“ALL YOUR DEAD ONES” | co-writer-director, Carlos Moreno
[PREMIERE SCREENING: Tuesday, Jan. 25, 3:00 pm — Egyptian Theatre]
I believe that All Your Dead Ones is actually built upon surprise. It is a project that we decided to undertake with a very reduced production team and that meant that surprises would abound and appear around every corner: for instance, the weather conditions are very variable in the region where we shot the movie and this complicated even further our challenge of using only natural light right at the moment were the sun is completely perpendicular. Every day we were forced to expect the climatic surprise of the day, especially at the precise time for shooting. Several times we were surprised by the rain, but also by the generous and beautiful light of several dawns and dusks.

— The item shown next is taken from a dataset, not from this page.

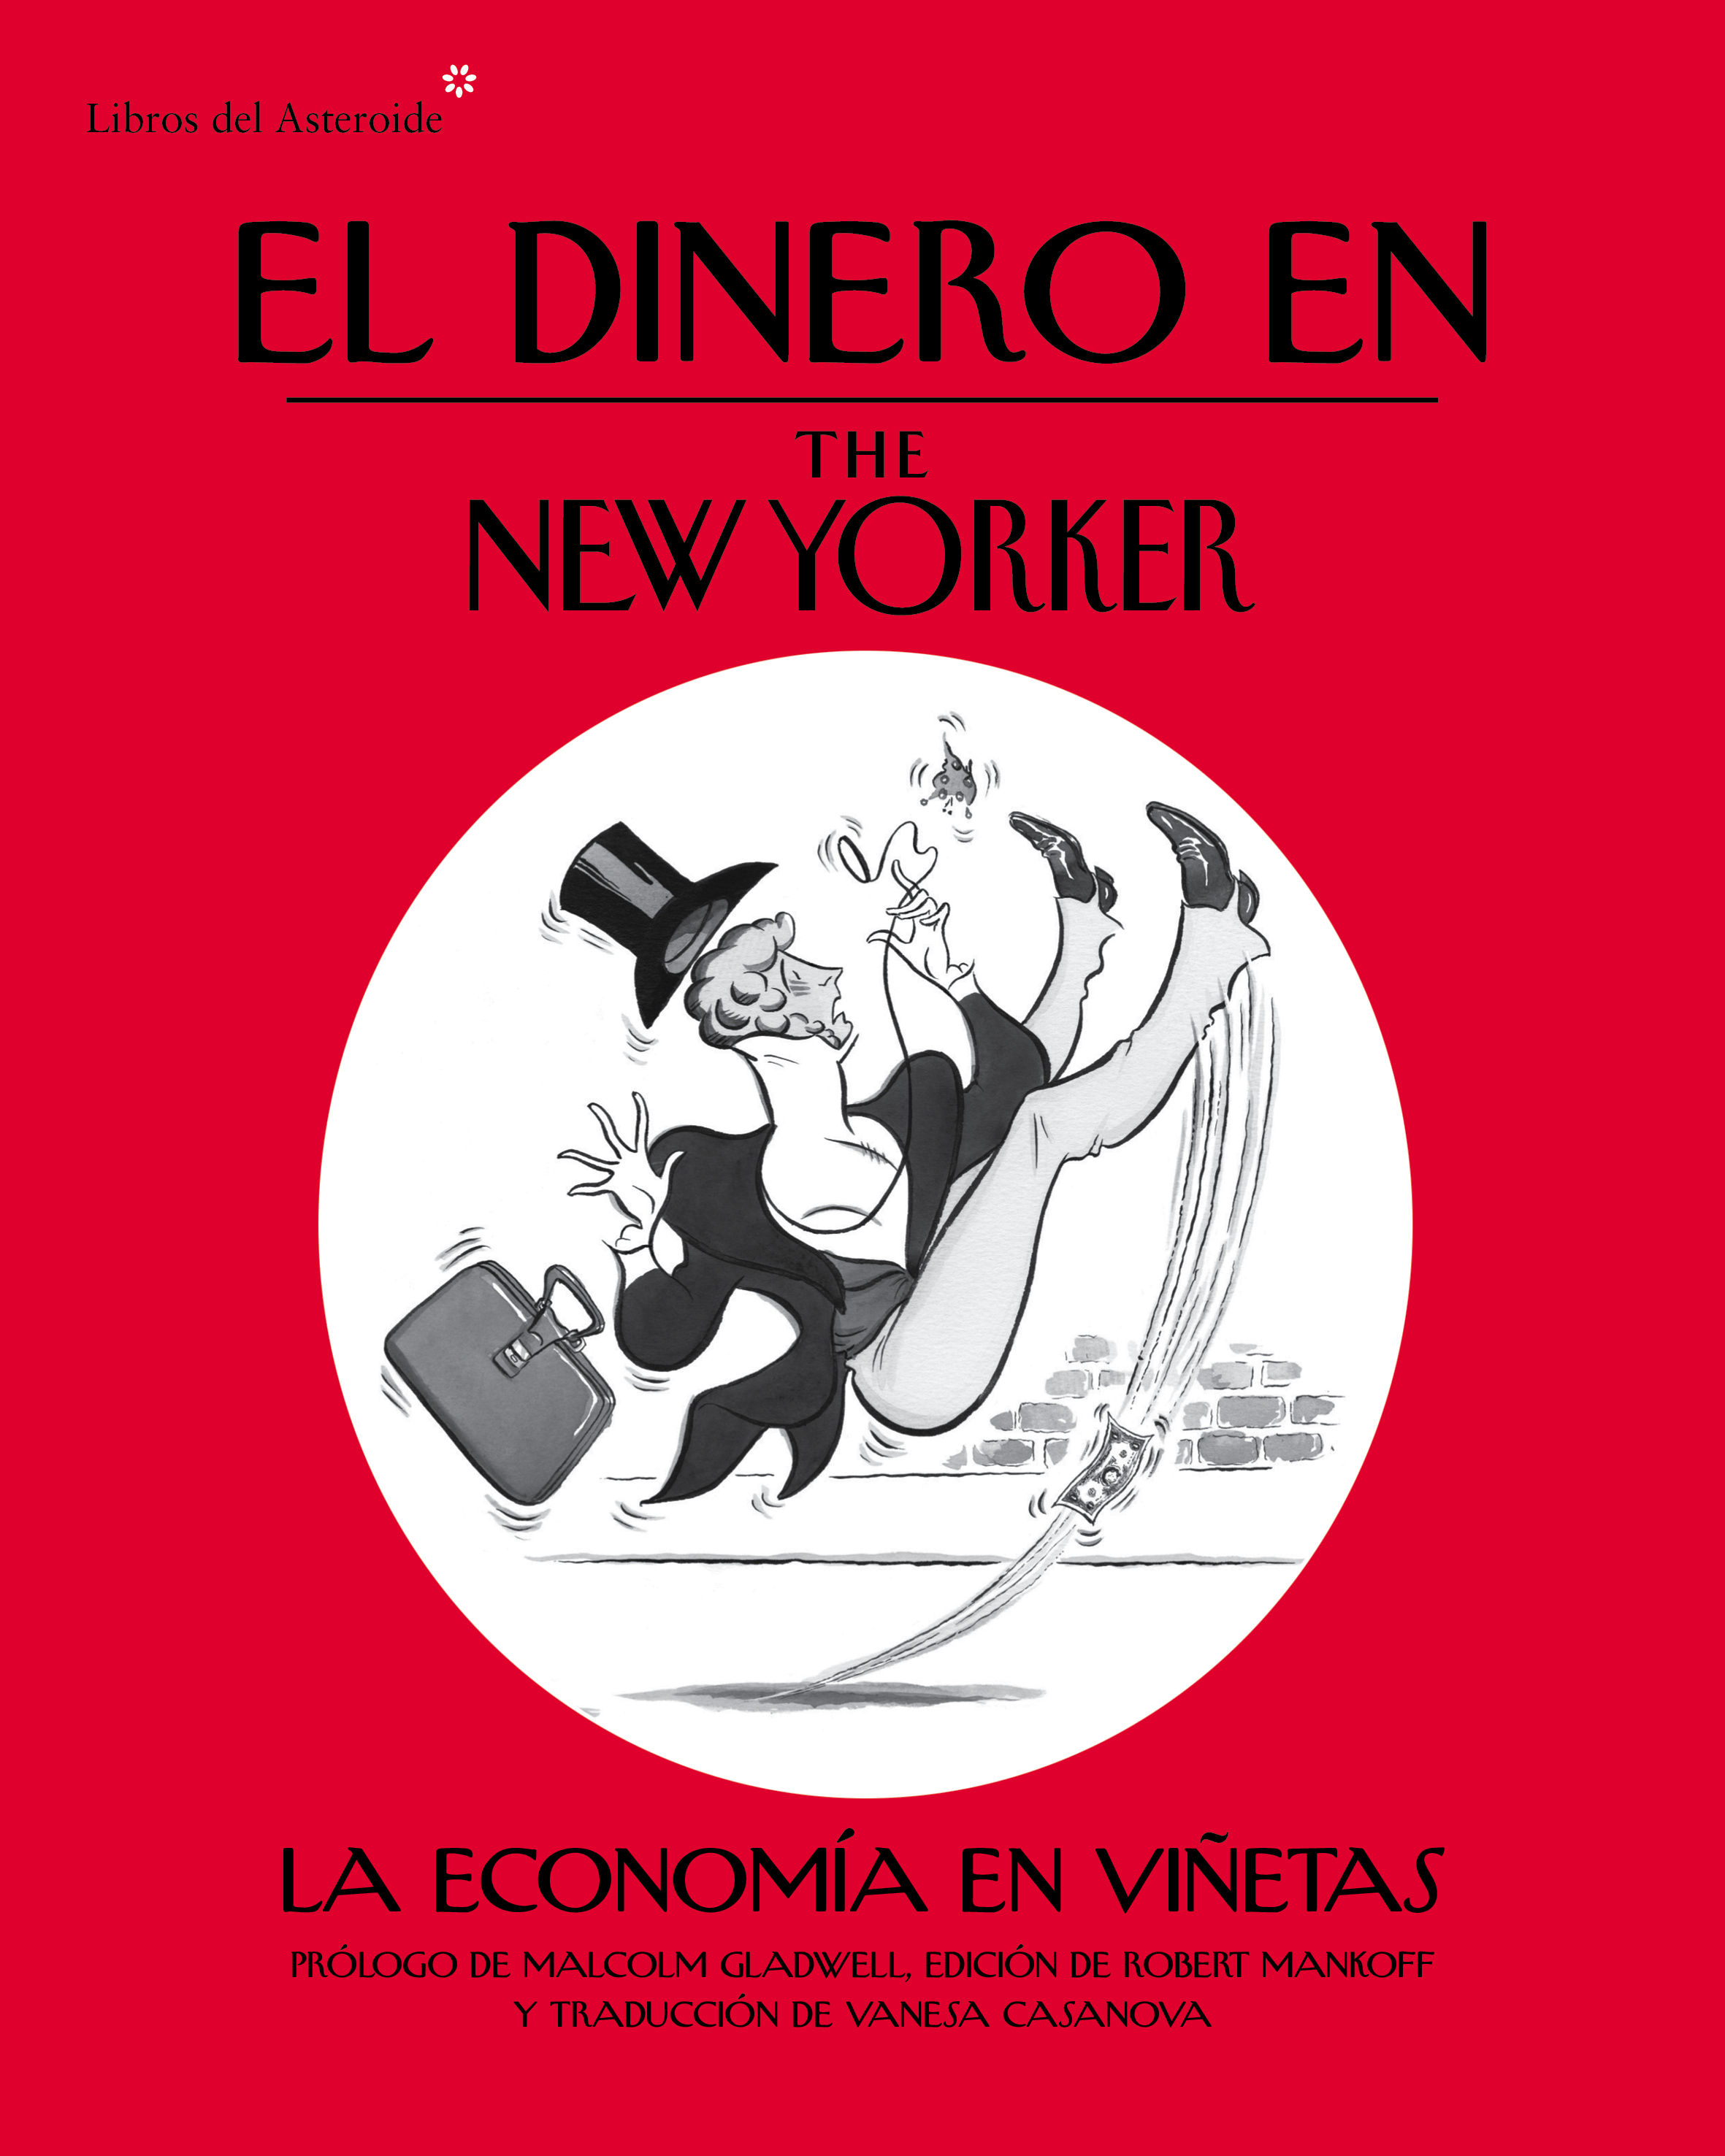 EL DINERO EN THE NEW YORKER

On a different note, the actors’ preparation, even as intense as it was during rehearsals, left an open road for surprise — for that spontaneous contribution at the moment when the camera rolls. The heat, the mosquitoes, the discomfort were going to add a new ingredient to the acting which would surprise us all, and indeed it did; it was the tension and stupor in which the story of the movie is based. The art director and I decided to search for locations that would already have all the elements and props instead of placing them unnaturally there. It was surprising the amount of options that we found for filming, but what really surprised us is the lopsided, urban and bourgeois vision that we had of the rural universe and the Colombian peasant.
However, the most important surprises are yet to come; I hope that All Your Dead Ones becomes a politically uncomfortable movie in our country that touches the wound of our social indolence and takes by surprise our society which deserves to wake up from its most conservative and hypocritical time.